Андрей Битов (А.Б.): Открытия – на мой взгляд, вещь вынужденная, а не революционная. И нельзя с помощью открытия повлиять на судьбу человечества. Это из области научной фантастики, оставим это «Гиперболоиду инженера Гарина». Открытие возникает как назревшая необходимость и бывает очень подготовленным, хотя и выглядит как появившееся внезапно, и принадлежит какому-то изобретателю или гению, либо потом присваивается им. Однако, идеи вынашиваются внутри самого вида. Я все-таки не историк или философ, но мне, как представителю художественной сферы, очевидно, что, к примеру, изобразительное искусство зародилось и развивалось как попытка копировать окружающий мир. Потом внутри него стала совершенствоваться техника, появились открытие в области этой техники. Скажем, Ван Эйк открыл масляную живопись. Затем началась другая эпоха. Когда же попытка копировать окружающий мир без развития привела большую часть художников в академический тупик, то это совпало по времени с открытием фотоаппарата, который отменил необходимость копирования, освободил художника от этой необходимости, и тогда живопись автоматически возвращается к нищим пьяницам и чудакам – условно говоря, импрессионистам. Не движется вперед, а возвращается назад, как некоторые говорят, на круги своя. Также и кино было подготовлено развитием романа, во всяком случае на Западе, в девятнадцатом веке, вплоть до серийного романа – сериала.
Романы всё писались и становились продукцией, переставая быть литературой в той мере, в какой всегда искусство перестает быть искусством, когда вырождается. Возникает кино – движущиеся предметы. Но когда такое воспроизведение становится уже неинтересно, то опять все движется назад и ищет пути к истокам, к тому, что сделало человека человеком, к его божественной, может быть, природе. Телевидение возникло, когда кино стало вырождаться. И взяло на себя то, чем кино не должно заниматься.

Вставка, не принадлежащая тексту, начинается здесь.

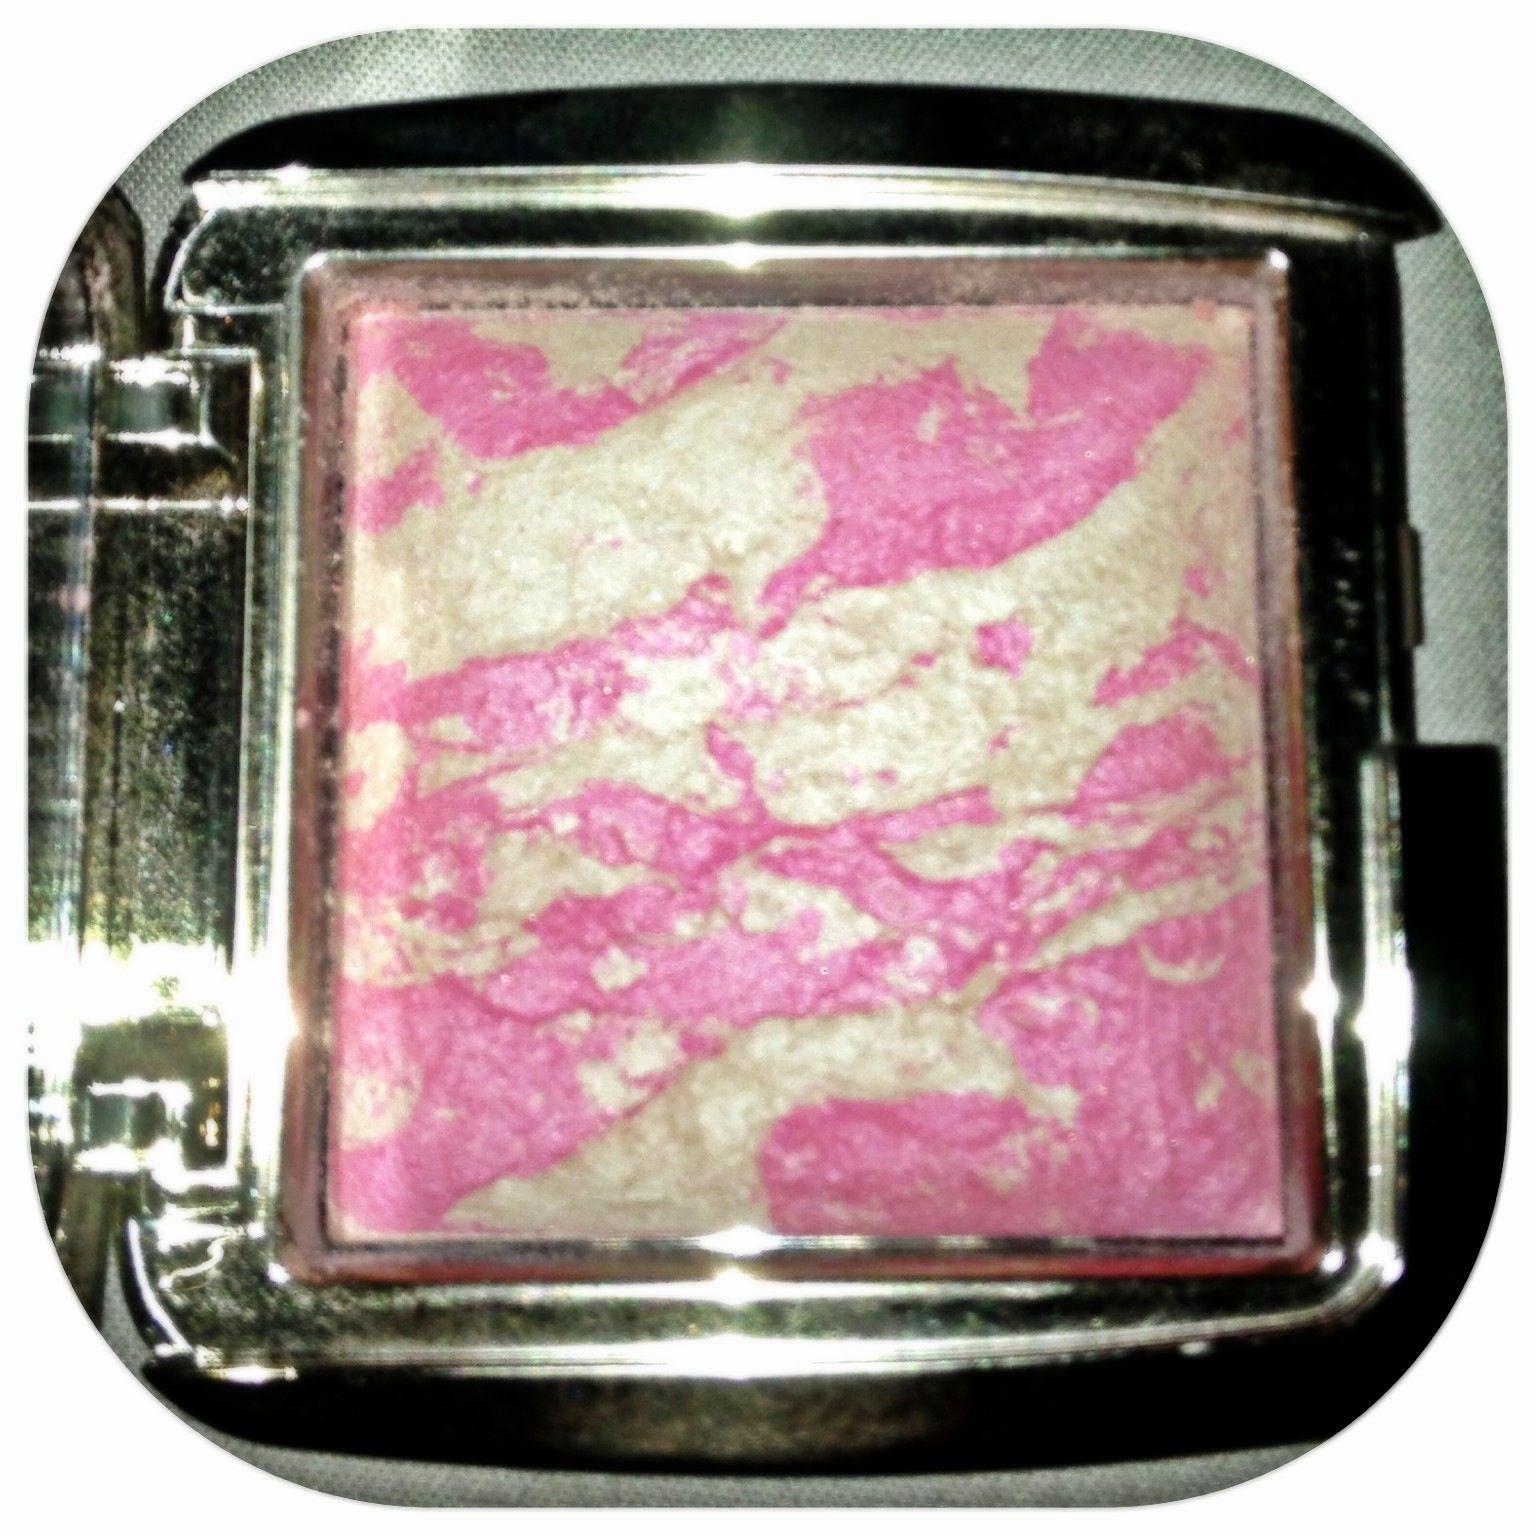 Ambient Lighting Blush Color - Luminous Flush
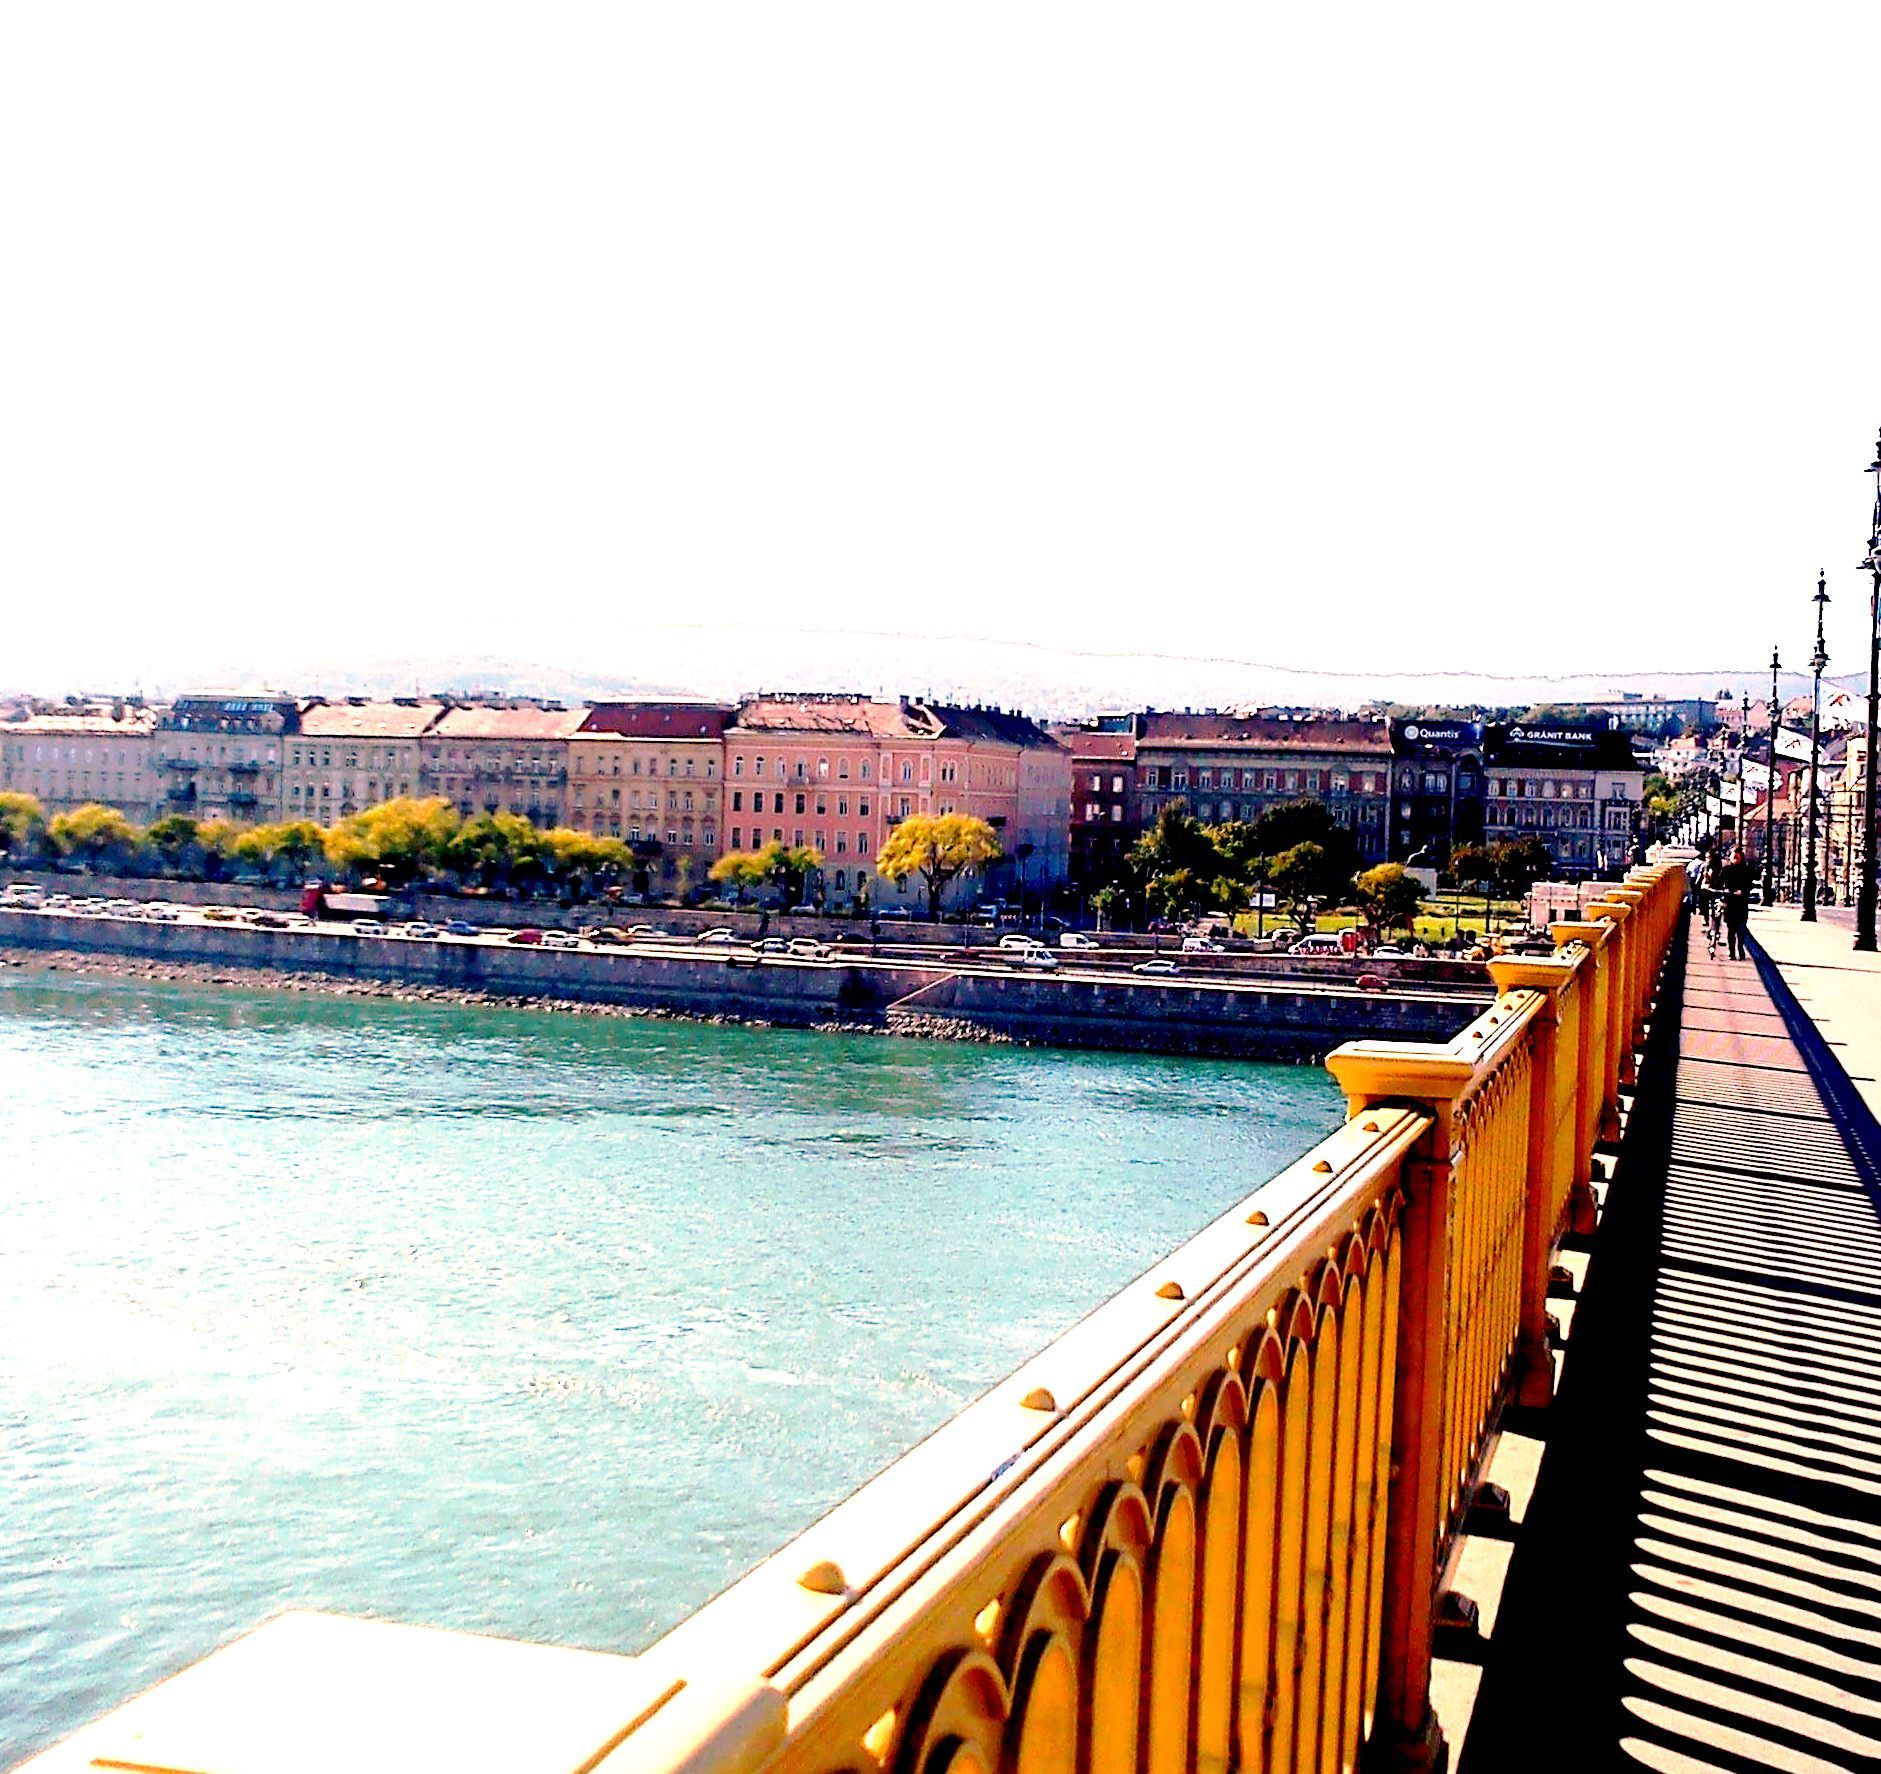 bRidge riVer_Budapest

Моя идея в том, что каждое открытие должно освобождать, а не закрепощать человека.
Оно возвращает человека к первооснове того, чем он занимается, по крайней мере, в творчестве.
Существует такой постулат, что объект не может познать сам себя. В отношении человека это абсолютно верно. У нас есть такие замечательные науки, как философия, антропология, психология, но они не могут развиваться, потому что сам себя объект познать не может. Мы не можем стать в познании равными самим себе, можем только вырываться из себя и таким образом развиваться. Замечательная была строчка в одном из поздних стихотворений Беллы Ахмадуллиной, я взял ее даже куда-то эпиграфом: «Мозг постоянно думает о мозге».
Мне кажется, что интернет возник на почве непостижимости мозга. Мозг не мог понять себя. А вот взаимодействие с компьютером помогло мне что-то понять про свой мозг. Хотя я не знаком со специальной литературой, а просто чувствую, как у меня начинает жужжать мой диск, как он действует. Я ему благодарен, этому устройству, именно за то, что оно помогло мне понять, что я стал и начал уважать немножко свою кастрюлю с этой кашей. Ну, например, мне дается задача – текст. Я еще об этом и не думал, а она уже заработала. Я лег спать – утром у меня готово решение. И это решение, надо сказать, никогда не подлежит пересмотру. Оно единственное. Это как первая любовь. Все равно первое, что я подумал, для меня лично, является и абсолютно верным. Задача решена. Так что вот это жужжание, и этот мгновенно выскочивший ответ, я понимаю для себя как компьютер, который жужжит и производит – ткёт паутину, до тех пор пока в нее не попадает муха замысла, скажем. Как правило, она погибает. Остается красивая паутина. Вот все что происходит.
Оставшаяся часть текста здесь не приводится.